• [Input data]:
-------

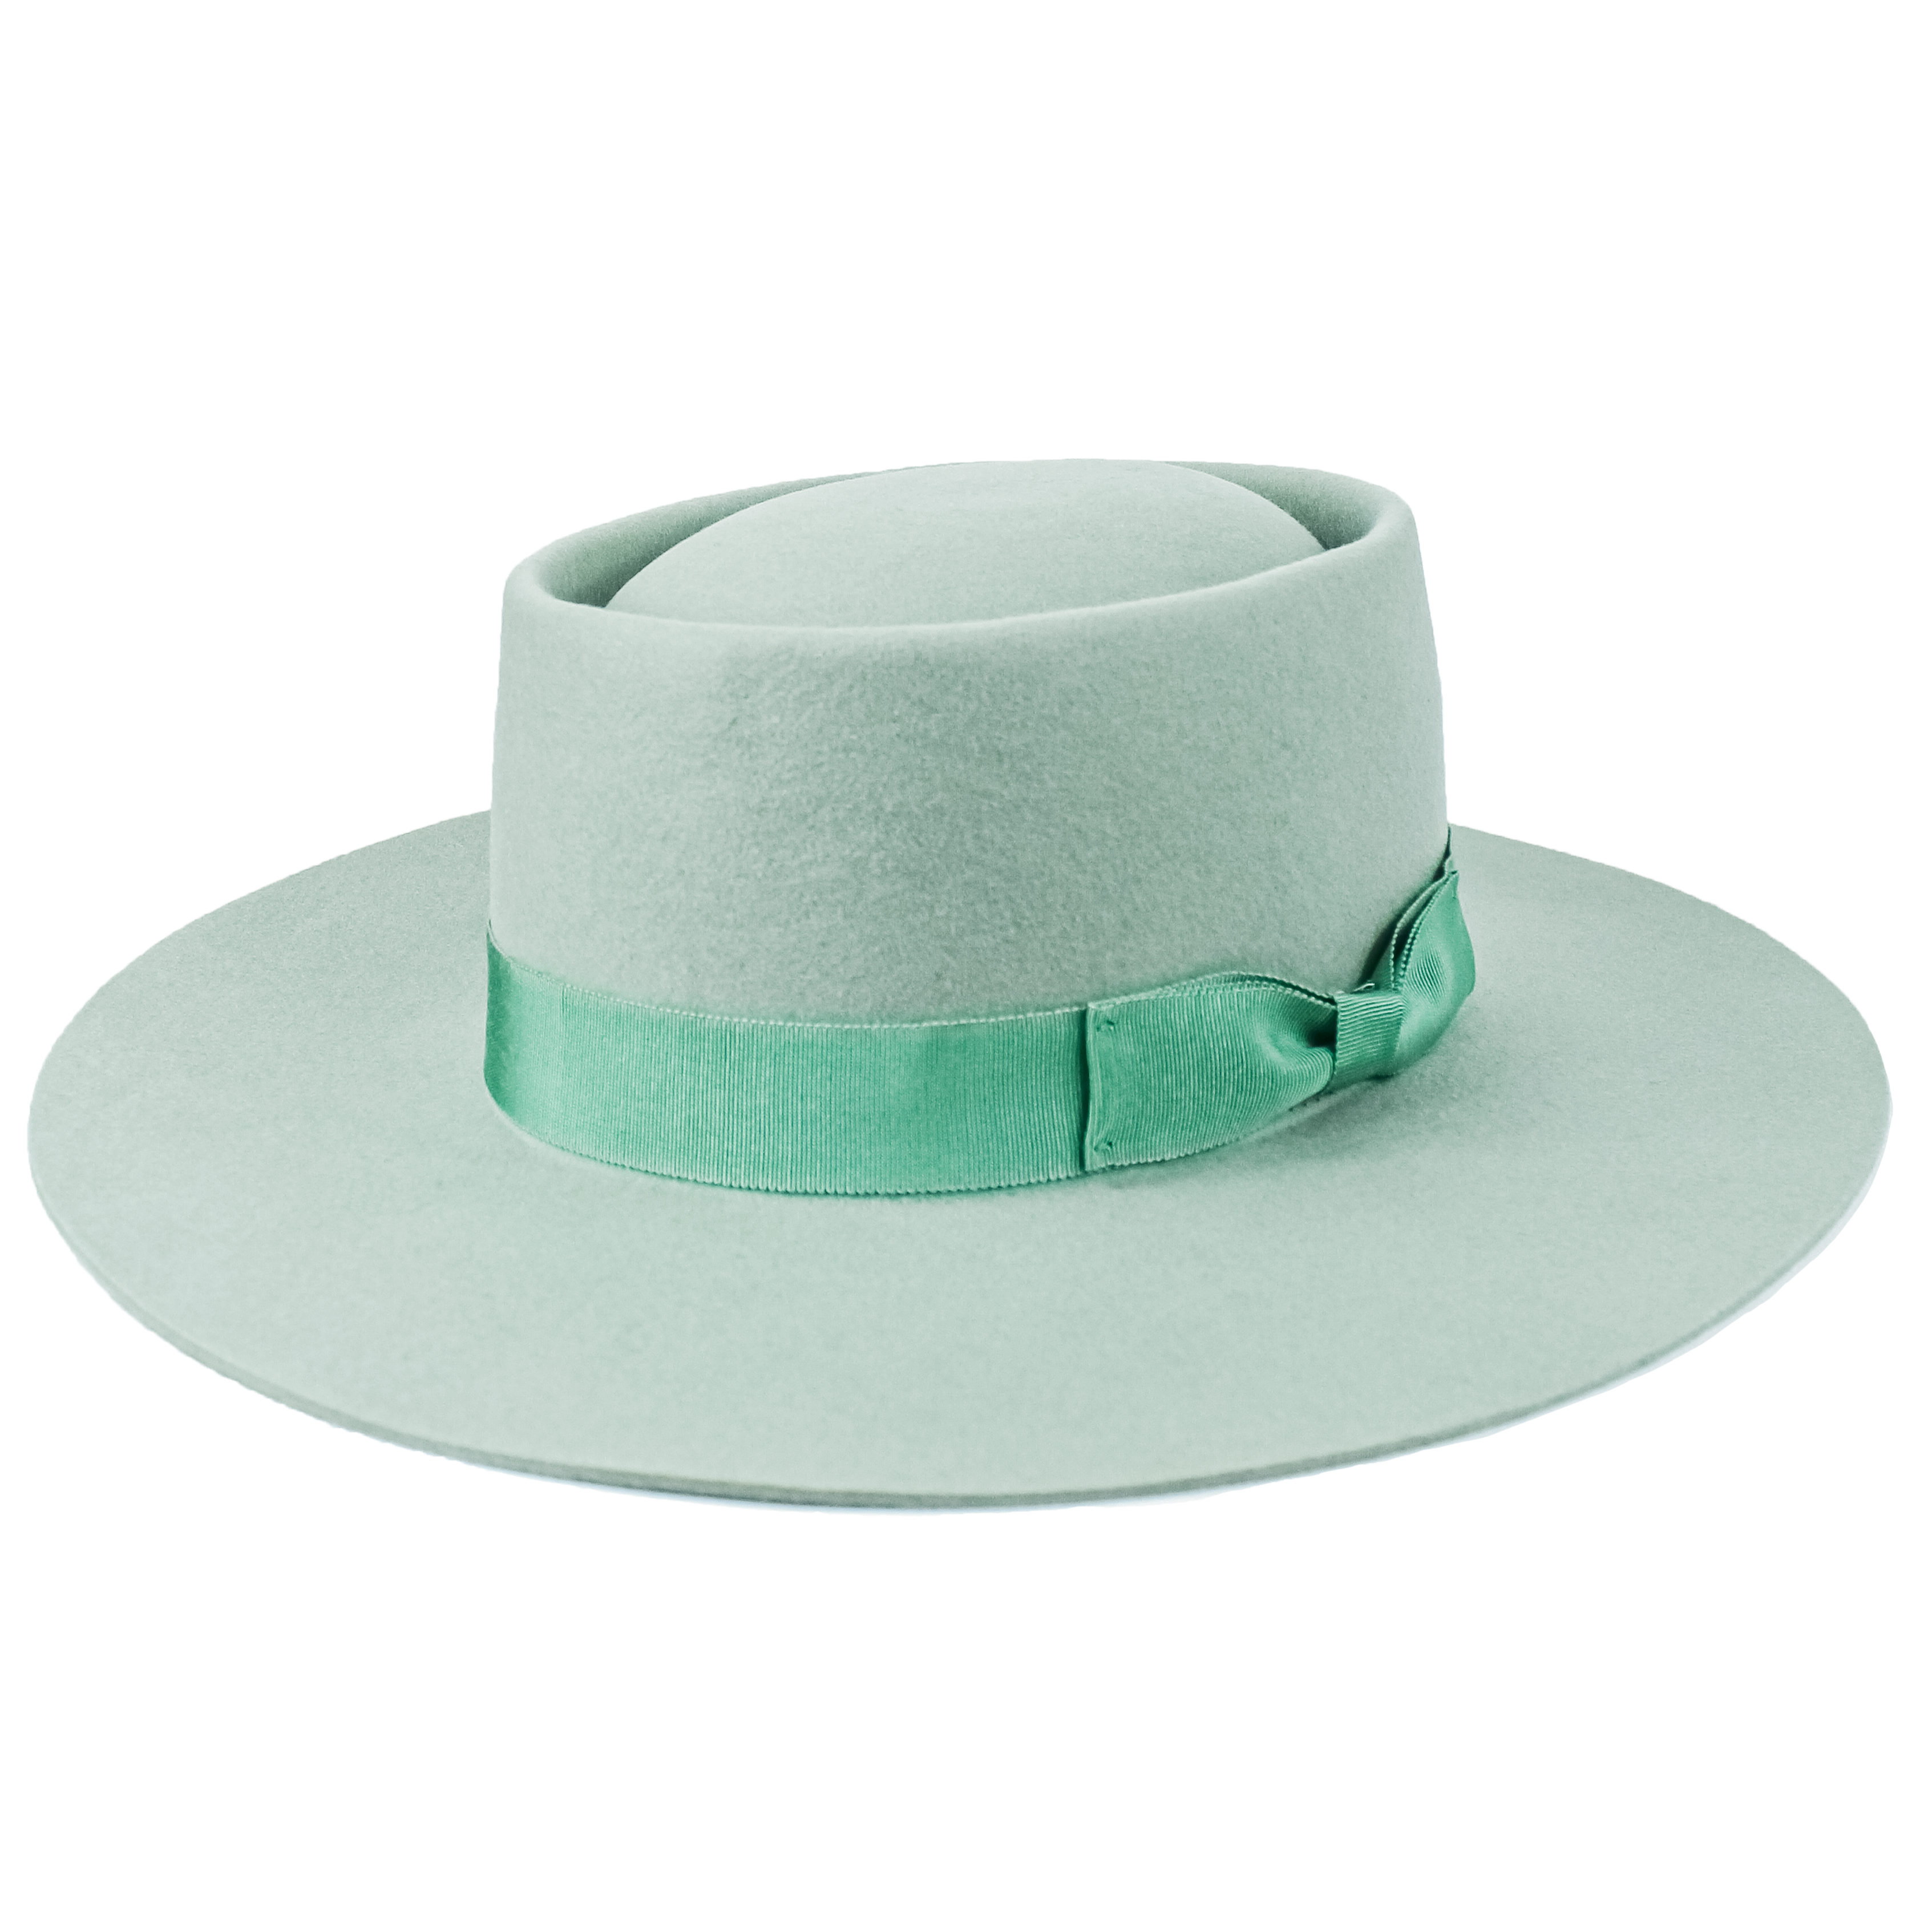 stylish kayo boater hat in mint green
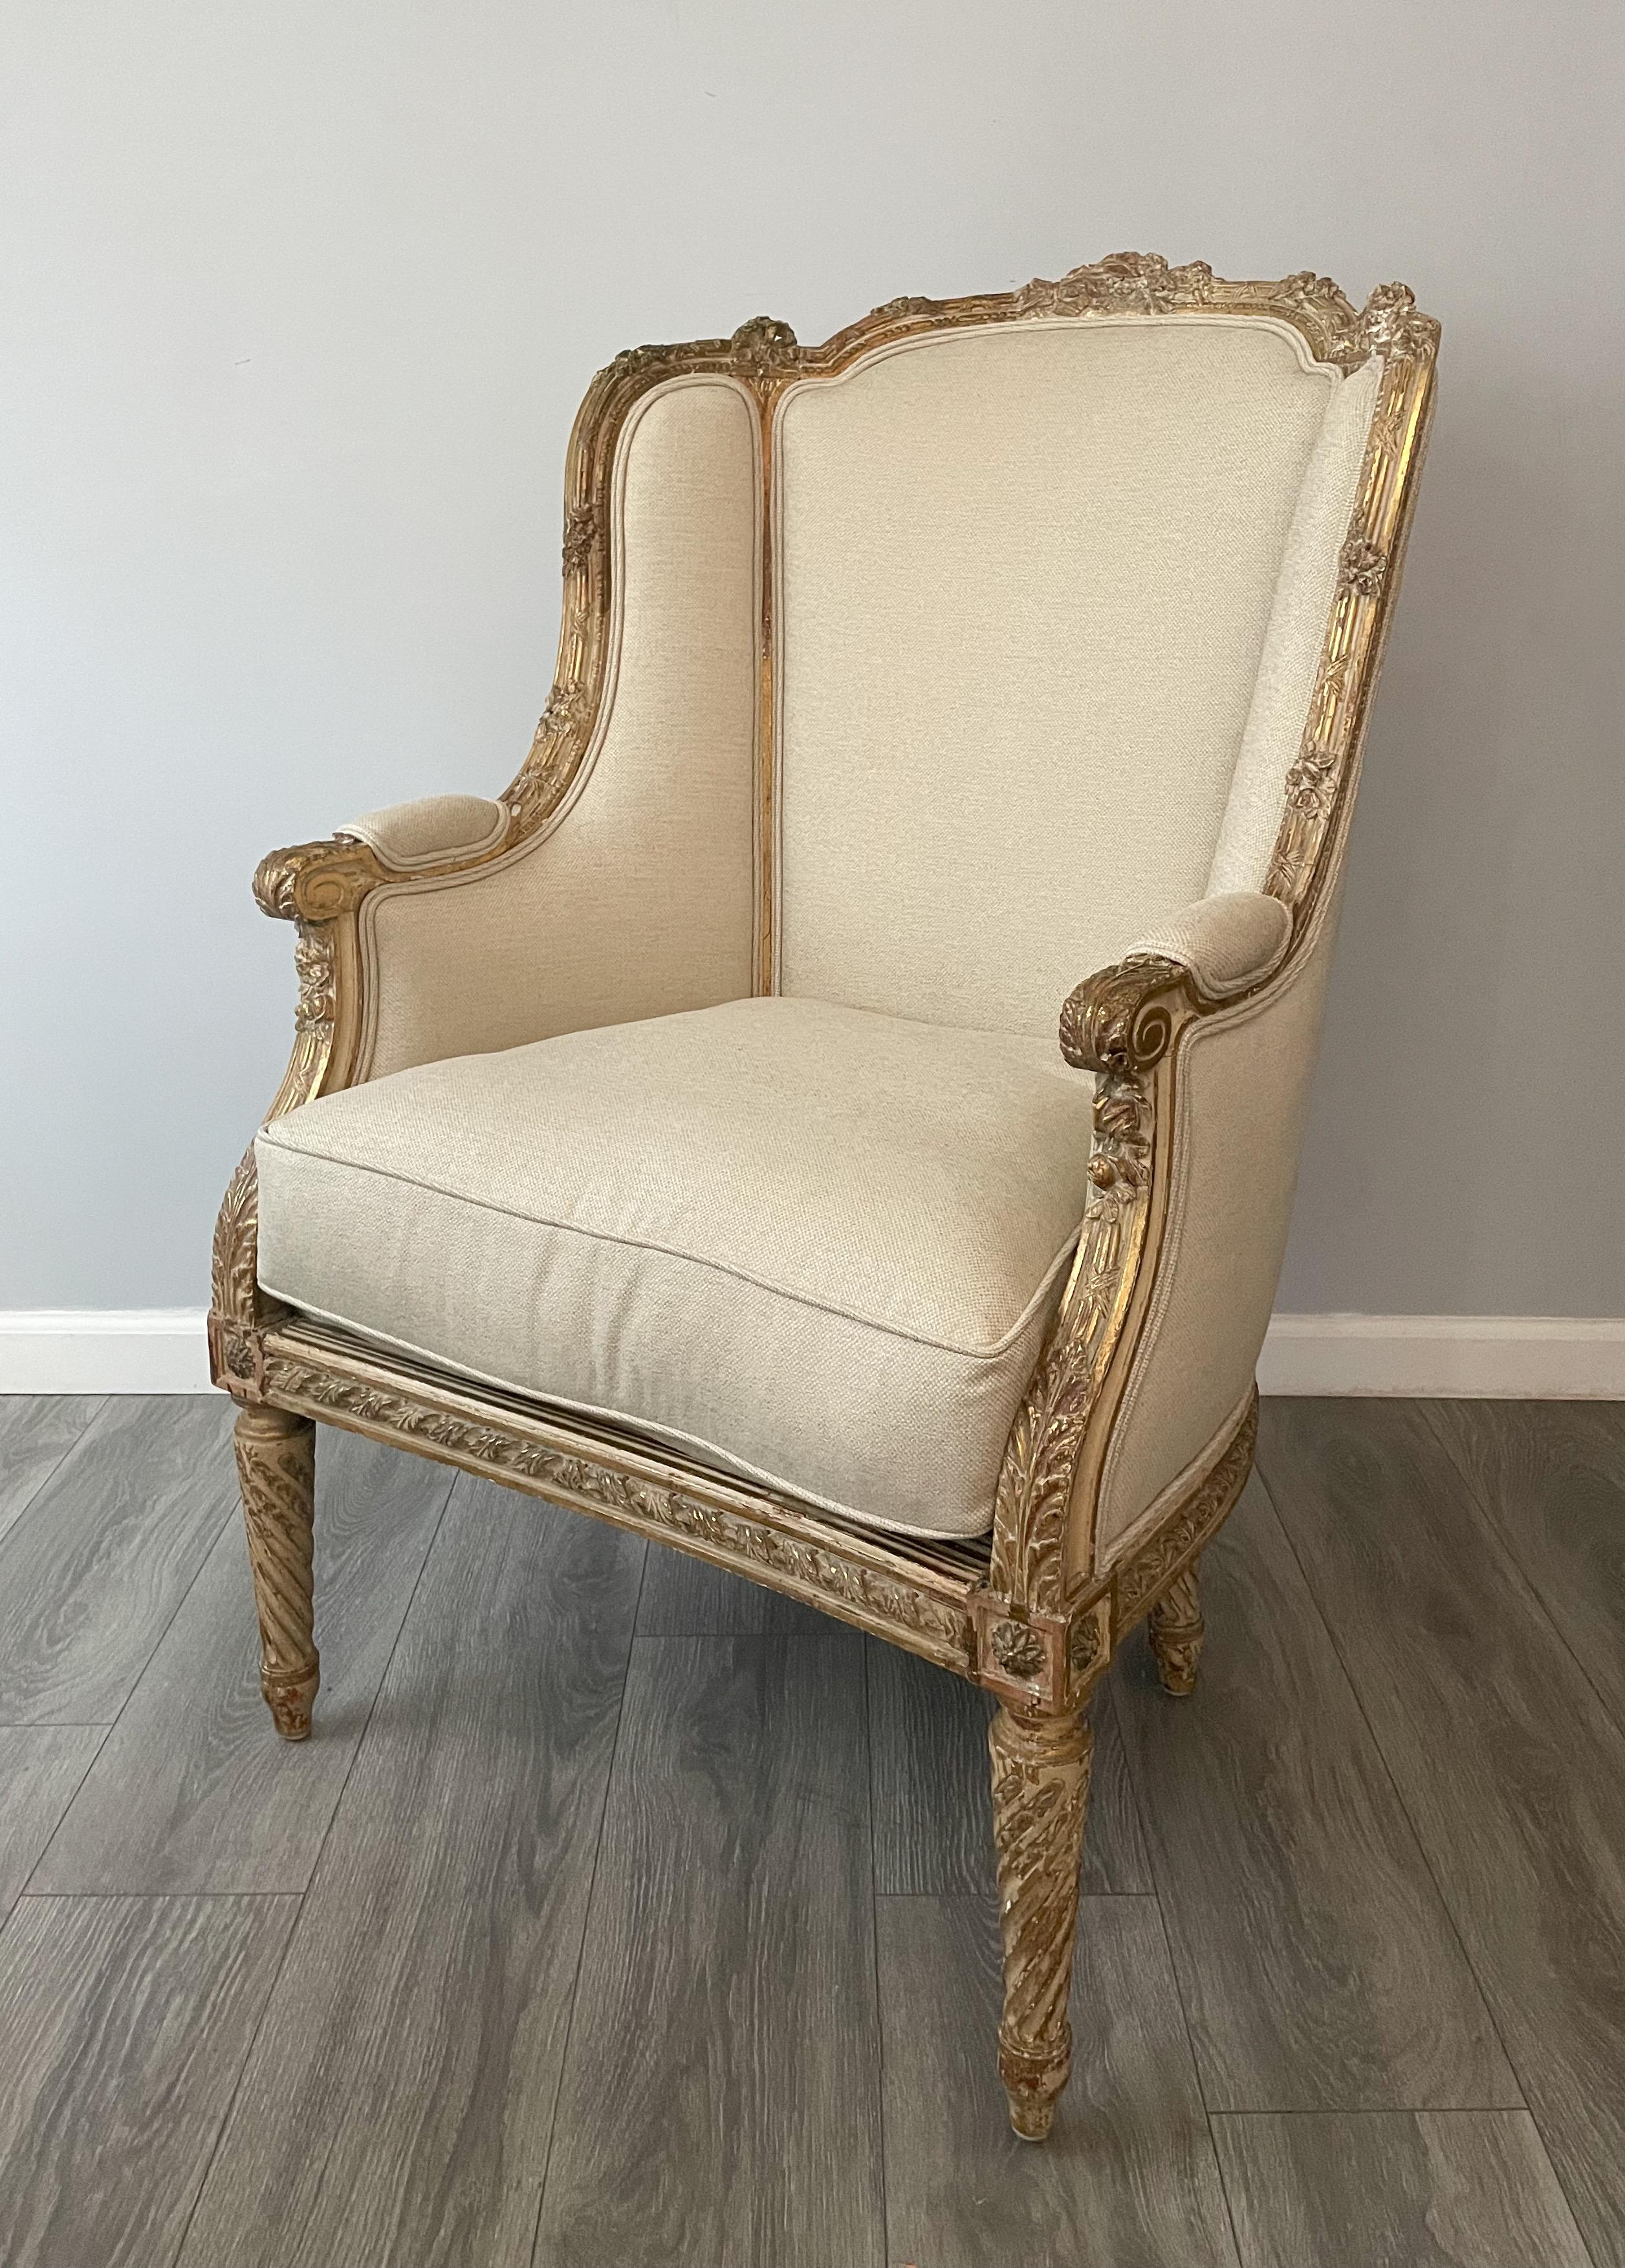 Fine, French 19th century carved bergère in the Louis XVI-style.

The chair features intricately carved decorations, a naturally distressed painted and parcel-gilt finish. New cotton linen upholstery with a loose goose down seat cushion and

-------

• [Directions]:
Transcribe exactly, with no pictures, the lines running from the first line of the material through the line holding "Fine, French 19th".

• [Completed task]:
 stylish kayo boater hat in mint green
 Fine, French 19th century carved bergère in the Louis XVI-style.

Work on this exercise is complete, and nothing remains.